When the train doors (known as subway doors to you) creak open, I move my ass. Thousands of other well-dressed lemmings are pouring from every orifice on the train, and there is only one outlet on my 53rd and Lexington stop: a three story climb to the surface, either via escalators or some steep-ass stairs. No one is talking, everyone is just queuing into the funnel to begin our ascent. Every morning, I hum "Sixteen Tons"to myself as I climb step after step as fast as I can.

Once we hit the surface, free to go out separate ways, I break from the herd and hustle towards my office, slightly bent over, as if I am heading into a strong wind.
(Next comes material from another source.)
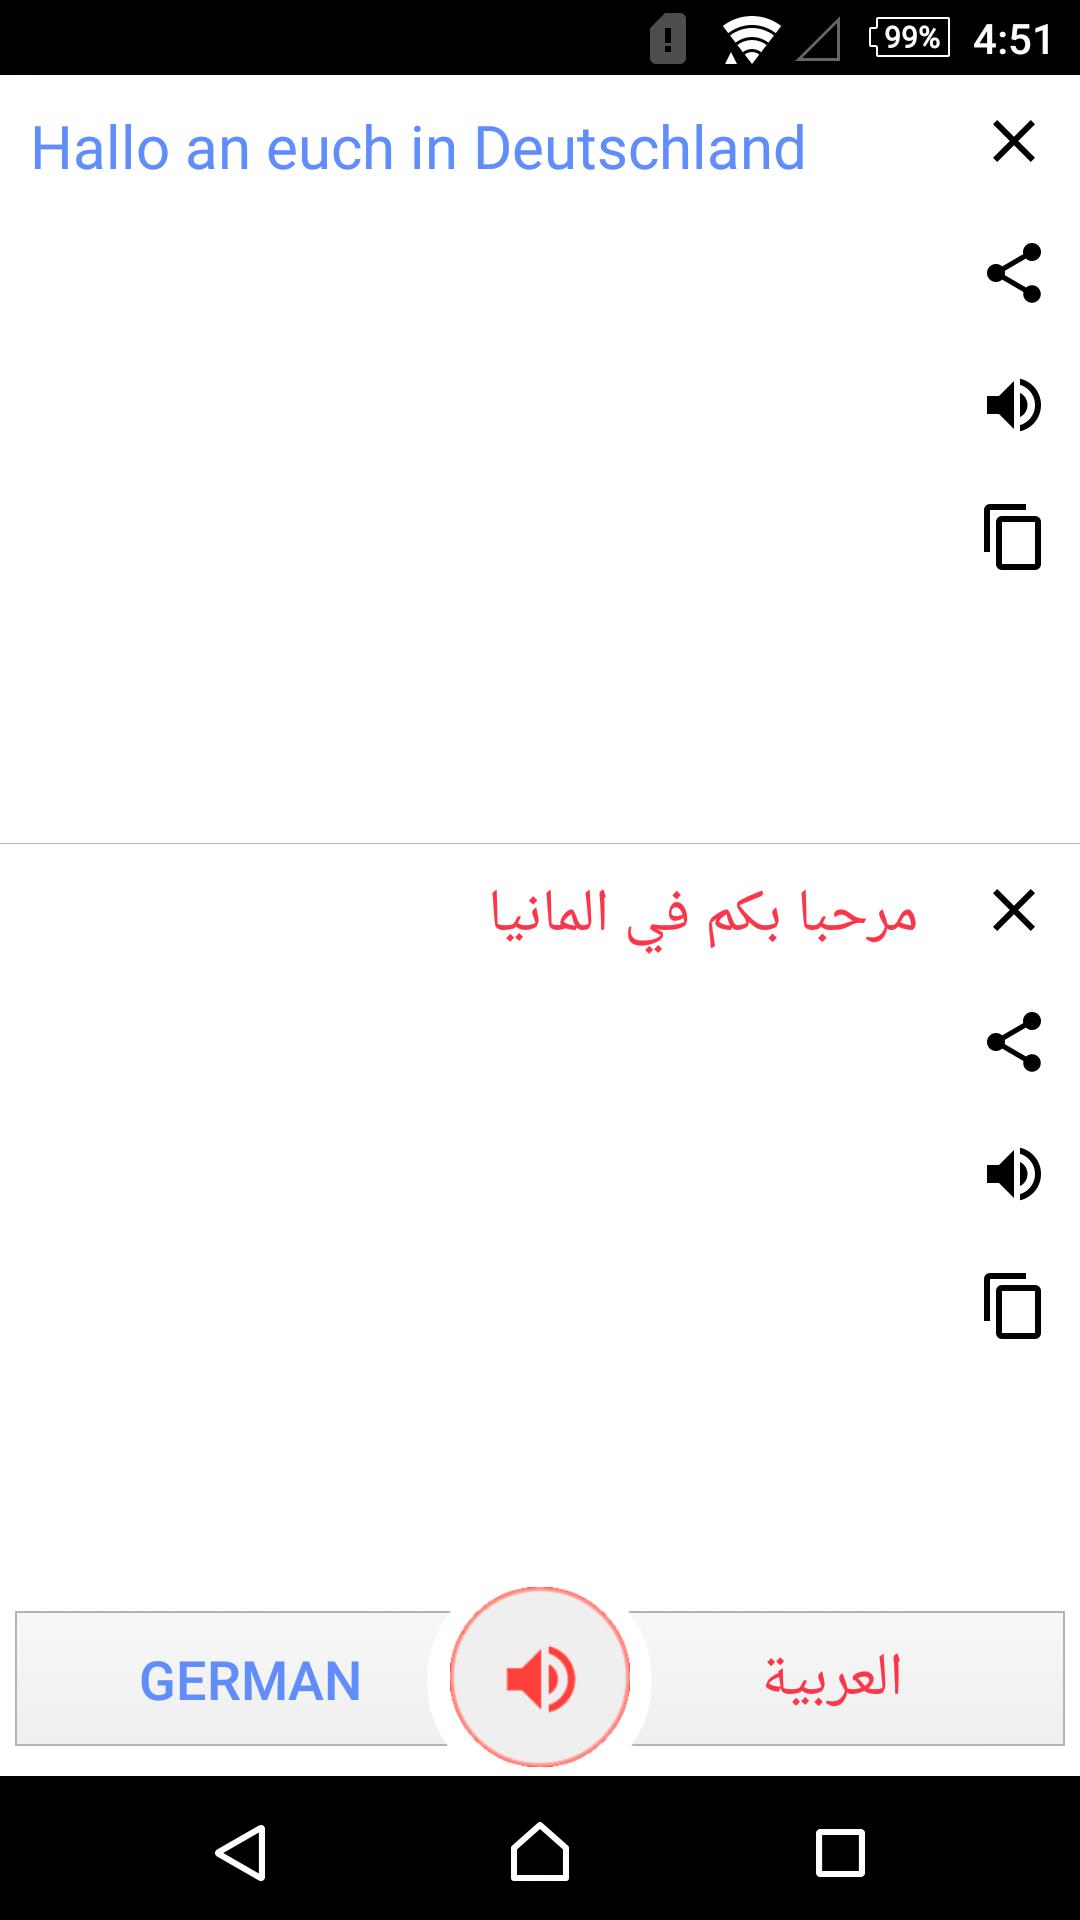 مترجم عربي الماني فوري for Android - APK Download

My head down, I just move with the flow of other proletariat pedestrians. Every body knows their place in this dance, and we pull it off without flaw.

Until this:
The Thundering Herd screeches to a halt, blocked by these looky-loo lovers. They stroll right down the middle of the sidewalk, shambling aimlessly along, gawking at the sights surrounding them. "Look honey, a falafel cart, and over there, a faux handbag stand, and if we look in the nearby store windows, it's the exact same crap we can buy just about anywhere else we might be in our homogenized society. Neat!" (I may be paraphrasing)

They are completely oblivious to the pile-up of humanity they have created with their bottleneck.

My eyes dart quickly about, looking for an outlet to slip past. My only choices are edging past them by the dirty and sharp edged ubiquitous scaffolding on the right, or certain death by oncoming traffic on the left. I shuffled behind the slowpokes, seething at the delay.

Finally, as I was about to attempt human "Frogger" with the traffic, another trenchcoated denizen of the city just snapped, and said what I was thinking. "Fucking Move!!" he growled, and the startled tourists parted, and the logjam flowed between them.

As I slid past at my customary pace, I caught the woman's eye, and with a knowing look and small nod, she comprehended my meaning on my kind, nice guy face. Welcome to New York, stay outta my way, or I'll shank you. . .

I think I AM becoming a New Yorker!

SA

4 comments:

Anonymous said...

How could you not love it! By the way, we'll be neighbors by February.

lindy said...

Oh my, can't wait to visit!

Anonymous said...

as I was about to attempt human "Frogger" with the traffic,

ha ha ha ha

Welcome To The City

Anonymous said...

I understand -- I was nice before I moved to Madrid, Spain. Now I stare at everyone and push my way in but now that I am back in the states and out of the city I am learning how to smile at people again.